If, within ninety days of the date on which a rule will expire, an agency
submits a notice of revised rule making for the rule, the rule
making will be continued for an additional ninety days beyond
the date on which it would have expired.
The DEC has applied for a notice of continuation –
The New York State Department of Environmental Conservation (DEC)
has ﬁled a Notice of Continuation with the Department of State to
extend the rulemaking process by 90 days in order to give New York
State Commissioner of Health, Dr. Nirav Shah, time to complete his
review of the draft Supplemental Generic Environmental Impact
Statement. This extension is necessary, in part, because Commissioner
Martens requested and Dr. Shah agreed to provide an additional
review, in consultation with outside experts, of whether DEC has
adequately addressed potential impacts to public health. This ﬁling
with the Department of State merely extends the rulemaking period to
enable Dr. Shah to complete his review and DEC time to take into
account the results of Dr. Shah’s review and continue to consider the
potential impacts of high-volume hydraulic fracturing.
There has been no transparency in this review, only leaks indicating that the DEC thought they could address health impacts with 8 pages of fracking spin. This fits their pattern of duplicity – the DEC have refused to show the basis of its work, either for the proposed drilling regulations, the proposed environmental regulations, or any information on the quicky “health review” – since that would amount to stipulating to how they crafted the regulations, which was done in consort with the gas lobby, not scientists. The DEC is required by law to show the scientific basis of the proposed rules :
An agency, upon request, shall, within thirty days,
make available for inspection and copying any
scientiﬁc or statistical study, report or analysis,
including any such study, report or analysis
prepared by a person or entity pursuant to a
contract with the agency or funded in whole or in
part through a grant from the agency that is used
as the basis of a proposed rule and any supporting
data; provided, however, that the agency shall
provide for inspection only of any such study,
report or analysis due to copyright restrictions.
SAPA § 104
But the dSGEIS and proposed drilling regulations cite no studies, no statistics, no scientific basis. Indeed, the comments on the proposed regulations by one person, Sandra Steingraber, cite more sound science than the DEC has in four years. The proposed regulation’s lack of substance make them a compelling advertisement for Home Rule.

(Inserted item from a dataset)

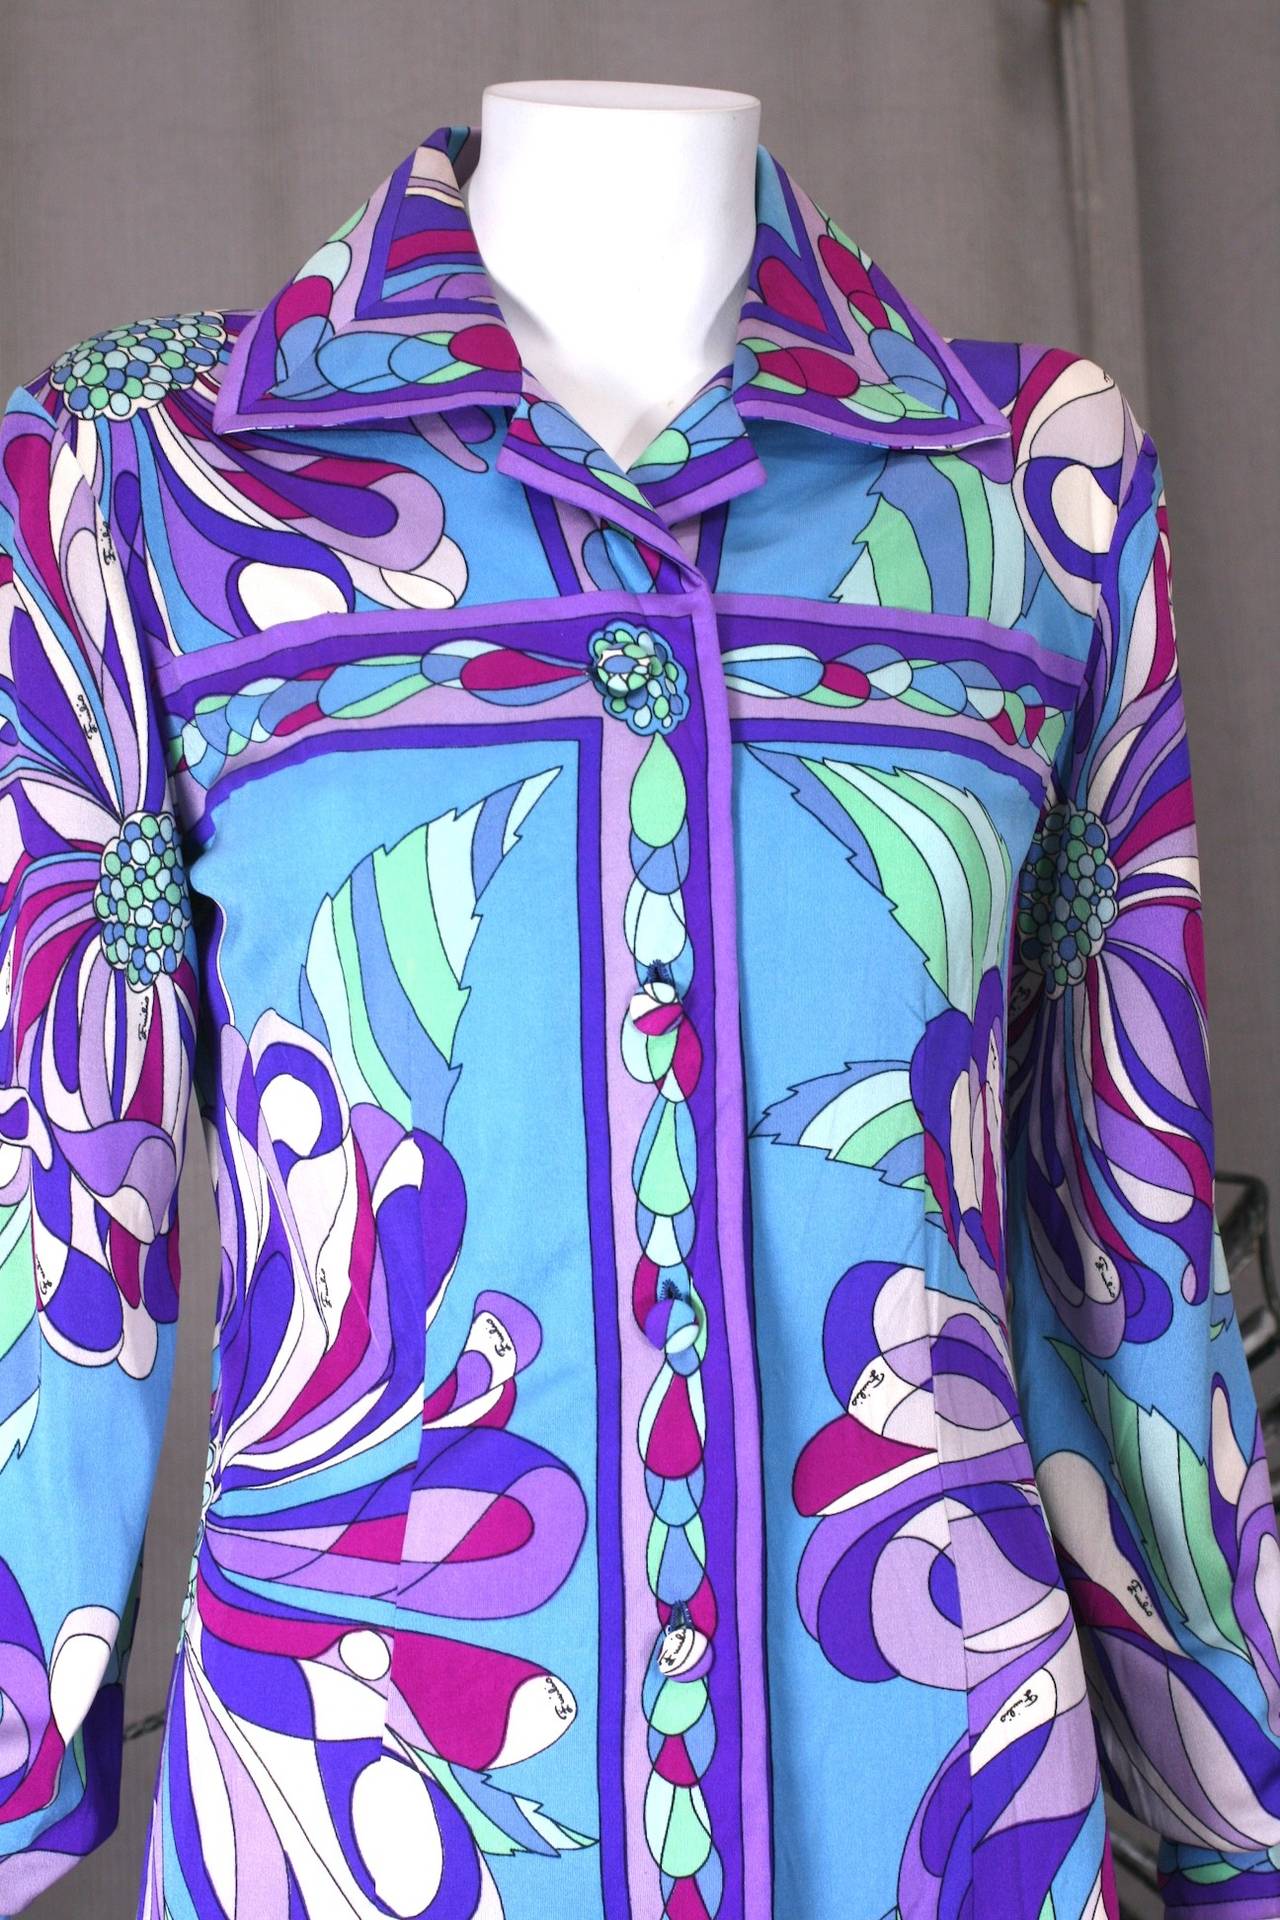 Emilio Pucci's elegante Shirtwaist mit Seitenschlitz aus super grafischem, lebendigem Seidenjersey mit Blumenmuster. Von vorne sehr zurückhaltend, aber mit einem länglichen Schlitz an der linken Hüfte, der mit verdeckten Knöpfen geöffnet und
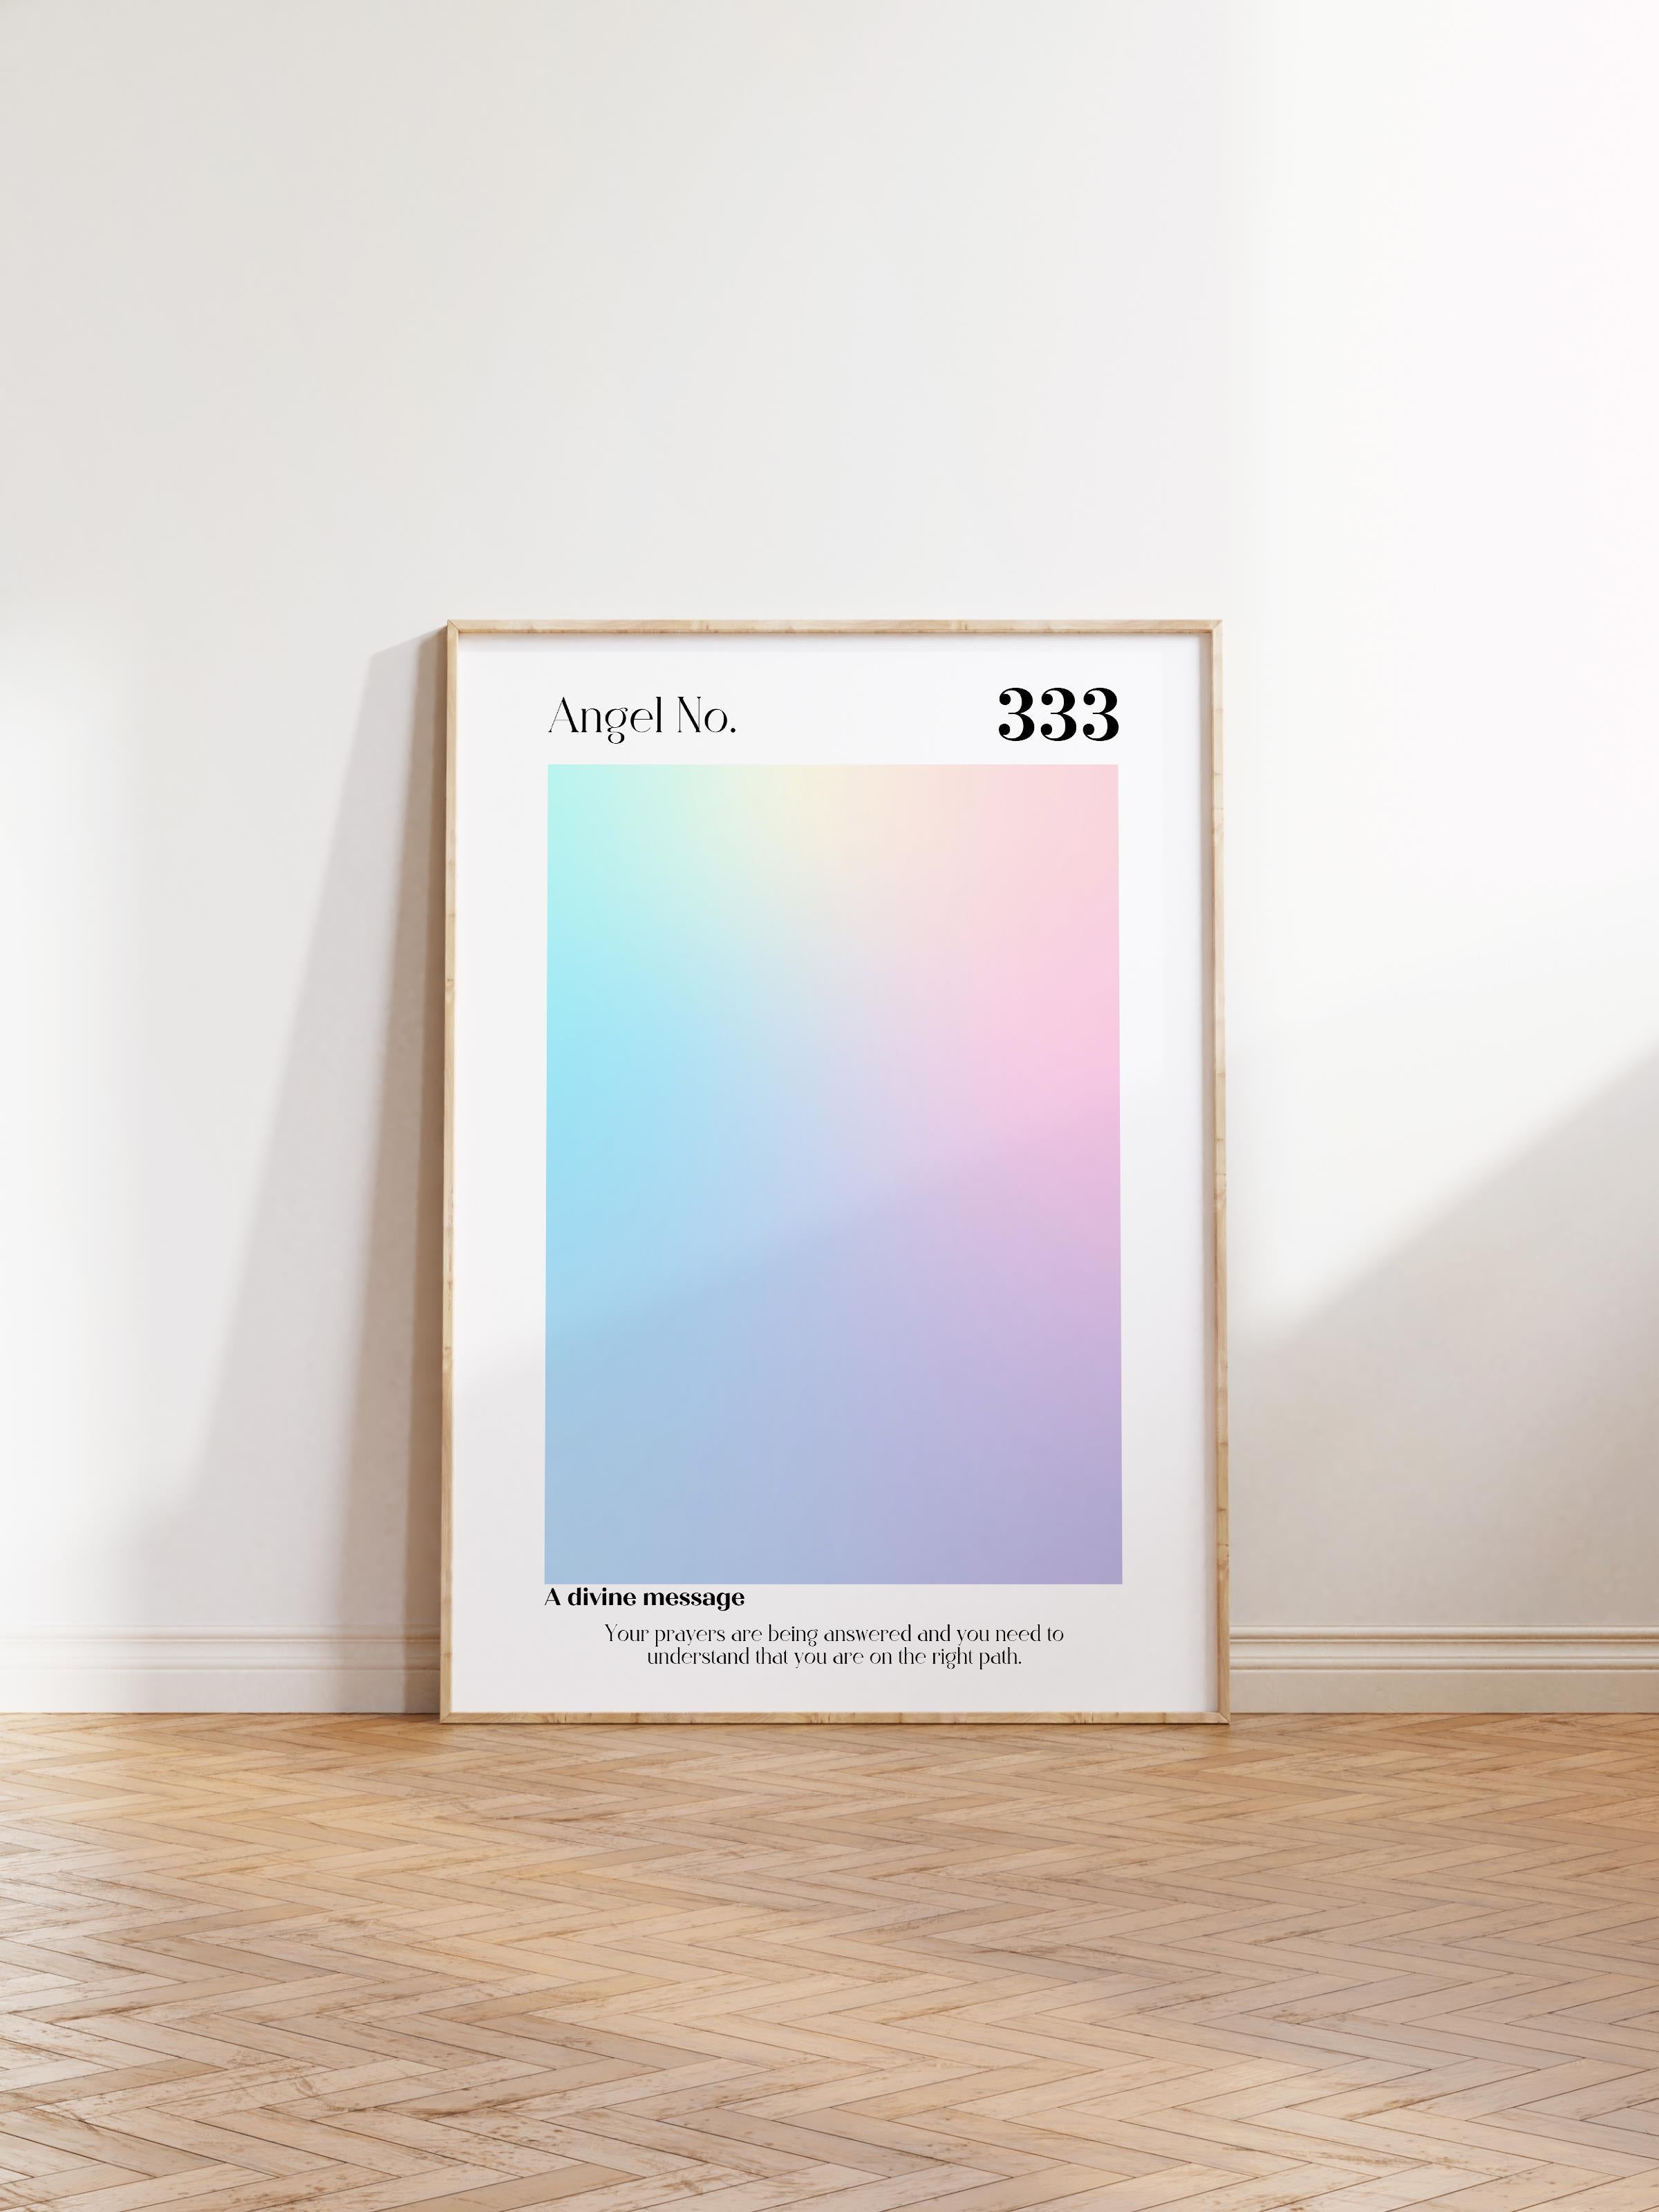 Çerçevesiz Poster, Aura Serisi NO:128 - 333 - Renkli, Melek Numaraları, Renkli Poster

Absent sound procedural due-process or a rational basis, neither the proposed drilling regulations nor the environmental regulations are likely to be enforceable. Permit applications for HVHF wells will be challenged and the evidence will show that the proposed rules and regulations are the result of little more than the exigencies of bumbling bureaucratic expediencies. Which is recognized as such by the cognizant Assembly oversight committees, and any legislator in Albany that has not been bought off by the frackers.